I saw a book for sale at LifeWay today called, “It’s Not About Me.” I just rolled my eyes and thought, ‘here we go again.’

Tonight, while I was on my cell phone with one of my best friends, another friend left me a message on my voicemail reiterating some trite things they’d previously said. I know my friend means well, but… dang, so many times he sounds so fake. Its those trite sayings, those Scripture passages used in place of real feelings and thoughts, those Christian phrases people say as a means to avoid having to dig into their own spirit and soul for words and truth.

And it all comes so naturally. We don’t have to think about it. Trite sayings have crept into every aspect of our lives. Think back over the last day. When someone asked you how you were, did you answer truthfully, or did you give the standard and expected “fine”? When was the last time you actually meant “bless you” when you responded to someone’s sneeze?

Every day is filled with dozens upon dozens of banal, overused, unmeant, rote phrases we volley to each other over and over. Christians are especially notorious for this. With all our Praise-the-Lord!-I’m-just-a-sinner-saved-by-grace-God-is-good-life-with-Jesus-is-sweet-I’m-just-a-vessel saccharine crap, it’s no wonder the world finds Jesus distasteful. Who wants to join a revolution full of fakers? Or worse, one full of perfect people? Who could keep up with that? I couldn’t.

I used to be able to tolerate all this stuff. I felt people meant well for the most part, and was willing to overlook the fact that their words sounded insincere because, “their heart was still in the right place.” Besides, they probably didn’t realize how their words came across.

I still believe that to be true. But my tolerance level has shrunk to zero. I don’t know why, exactly.

Perhaps that’s what depression does to you. The rose-colored glasses get yanked off and ground under foot. Once that happens you see the world in a less-flattering light. Perhaps a more realistic light. People are taken at face, and word, value.

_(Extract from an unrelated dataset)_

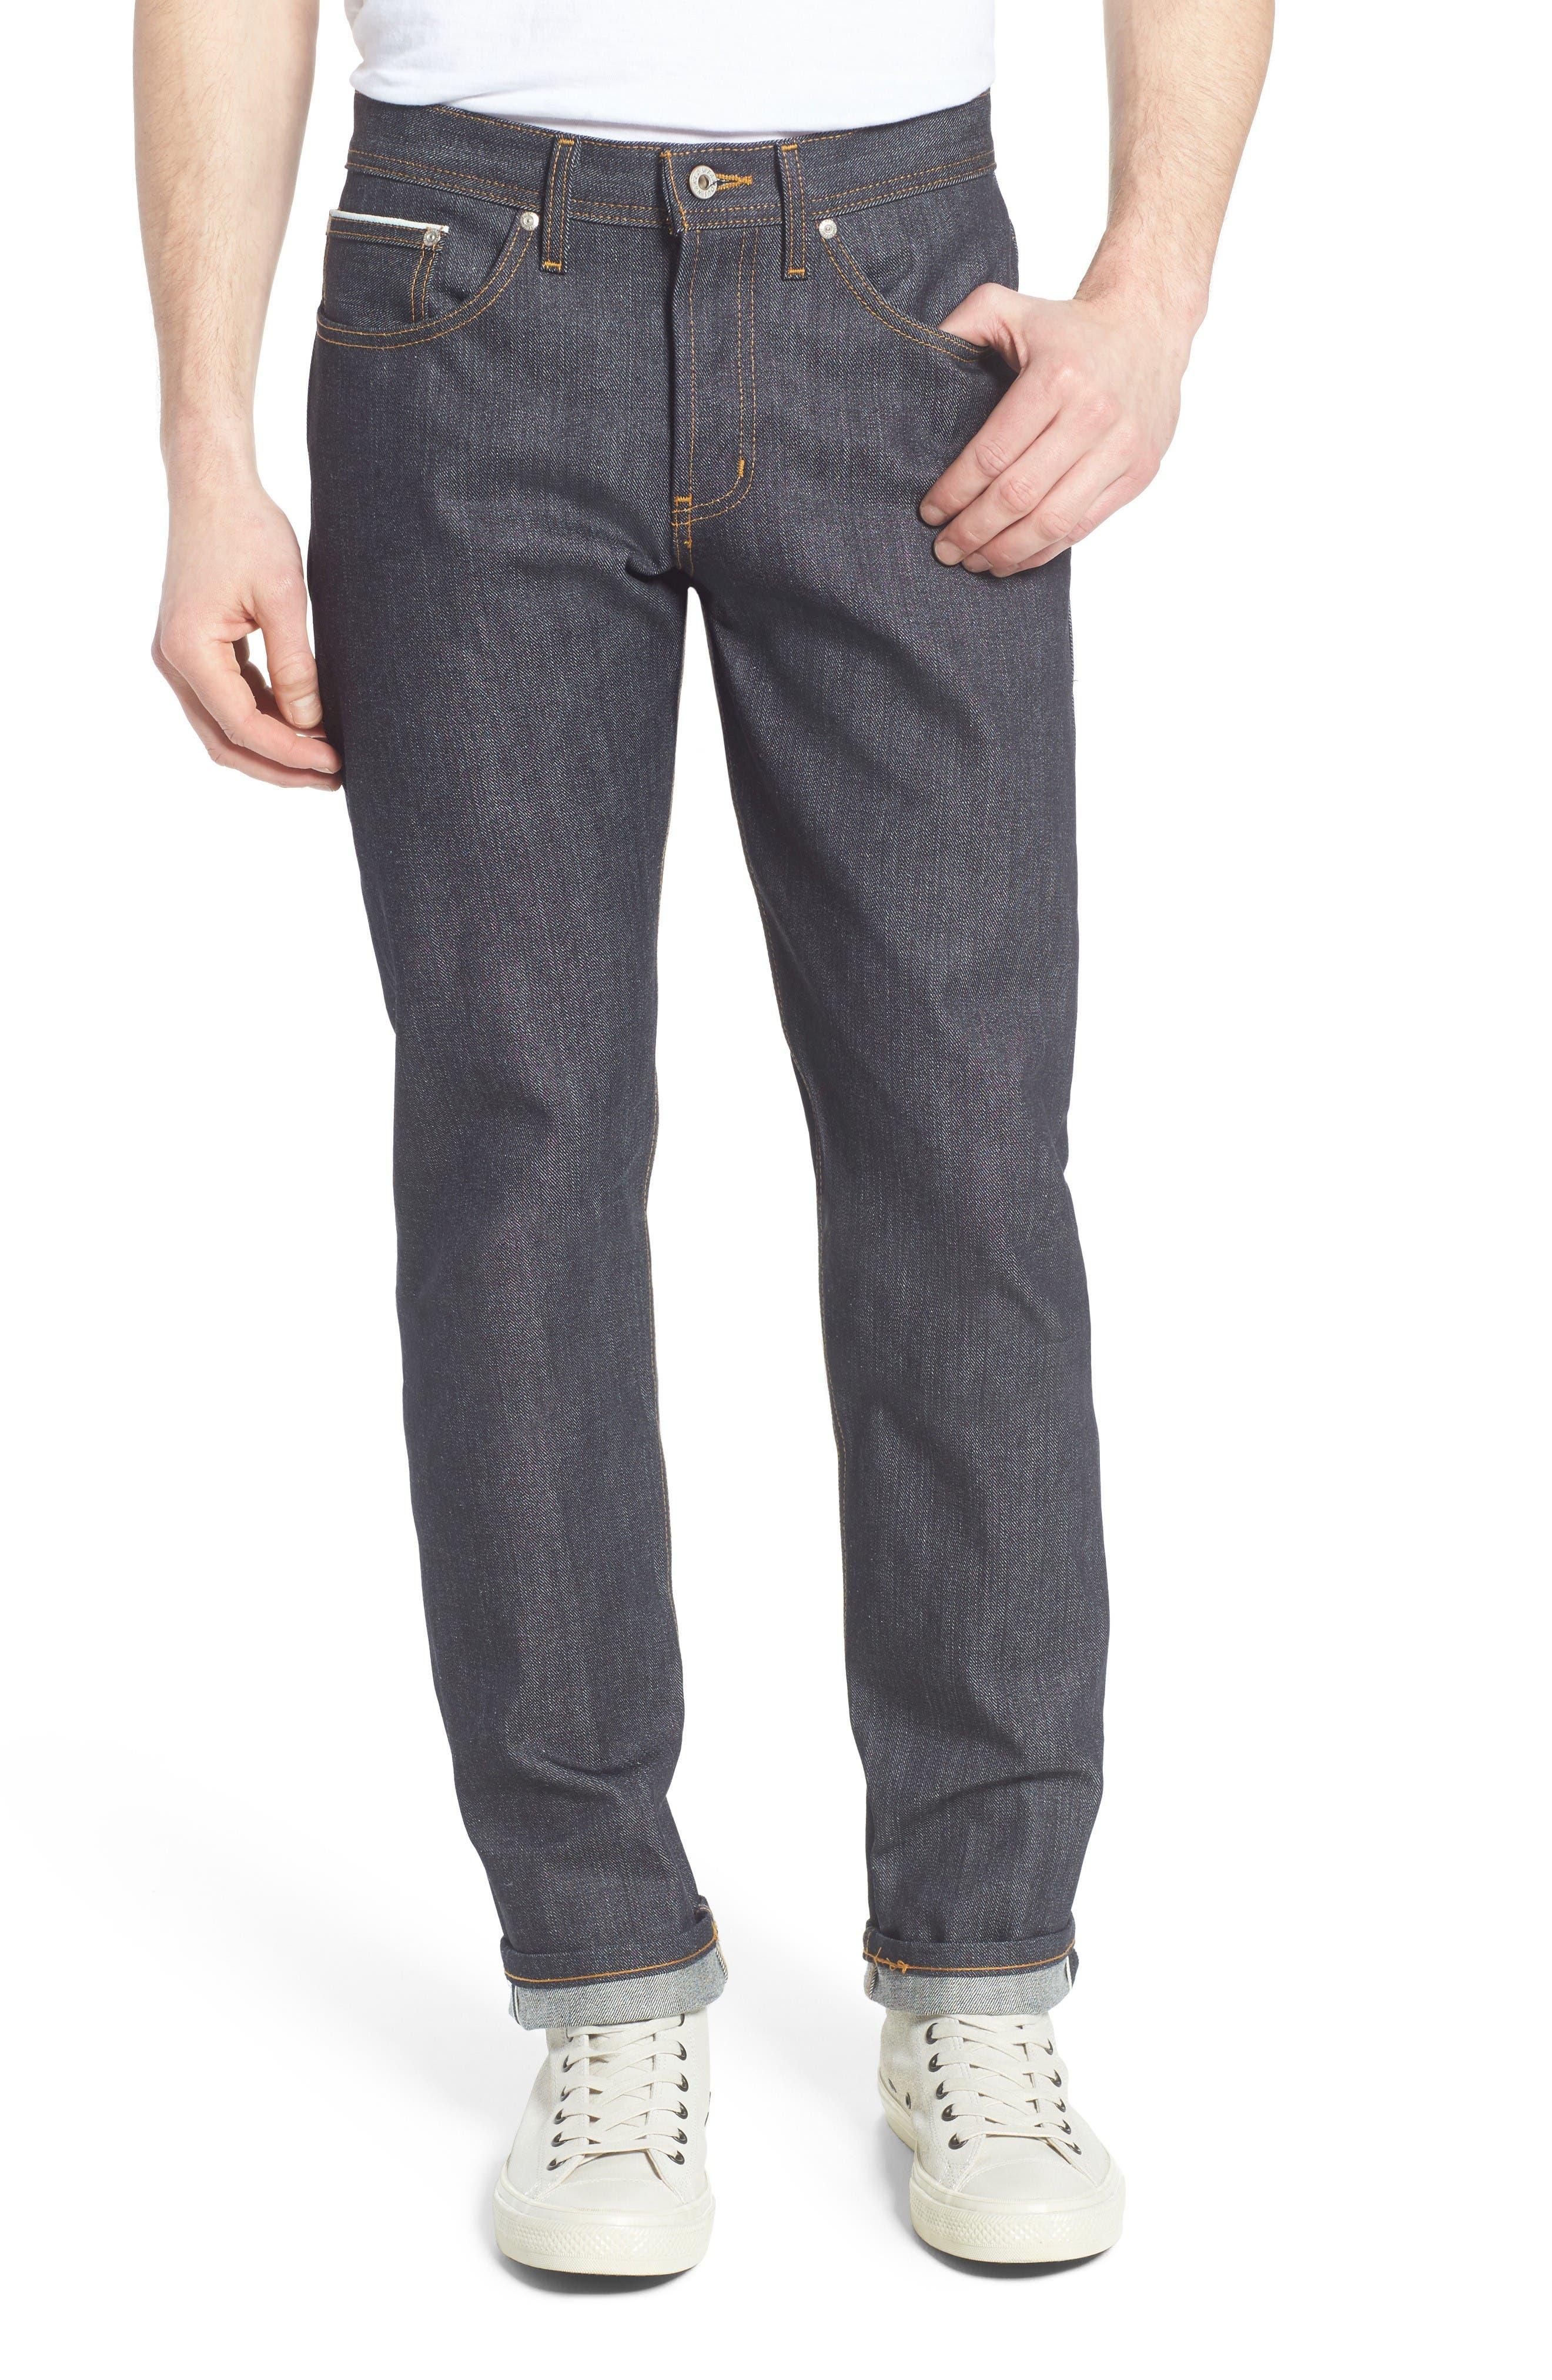 Alternate Image 1 Selected - Naked & Famous Denim Weird Guy Slim Fit Jeans (Left Hand Twill Selvedge)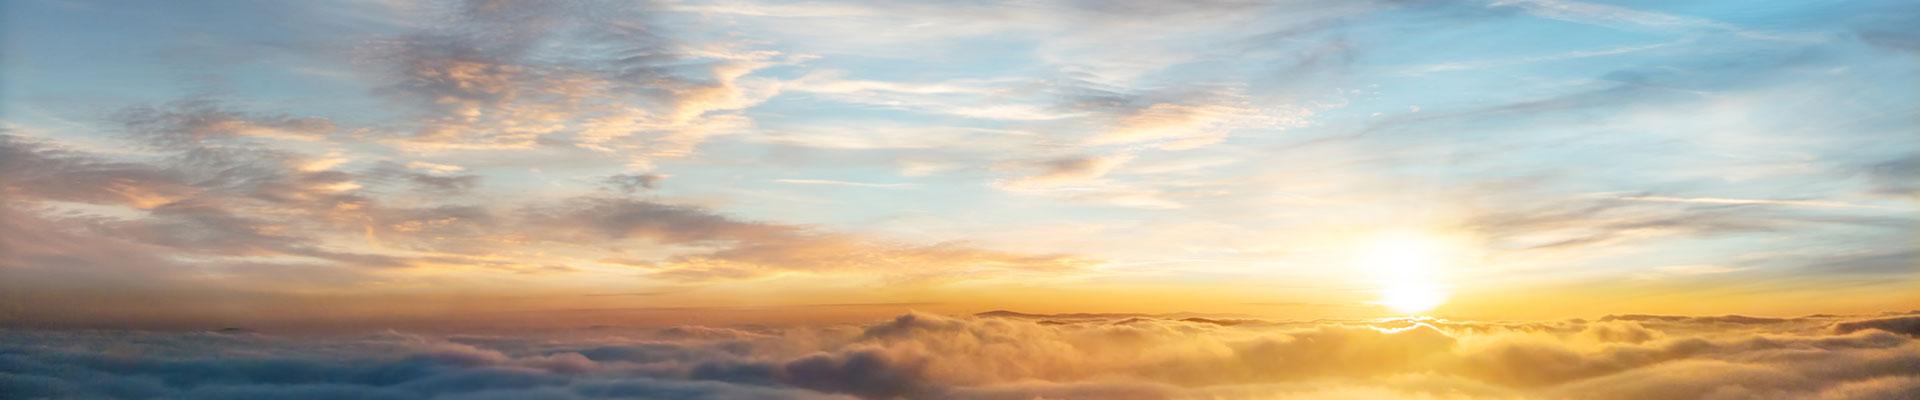 Six steps to Microsoft Azure and beyond

What we say, and how we say it, reflects who we are. Whether true — and truly meant — or not, words have a powerful impact on others, both on their own outlook and on their opinion of the speaker. For better or worse, our words leave a mark on every listener.

God help me! Keep me silent unless You need me to speak. And help me find my patience, which I seem to have mislaid… or give me the courage to speak boldly and gently. Let the marks my words leave be ones of healing, hope and love!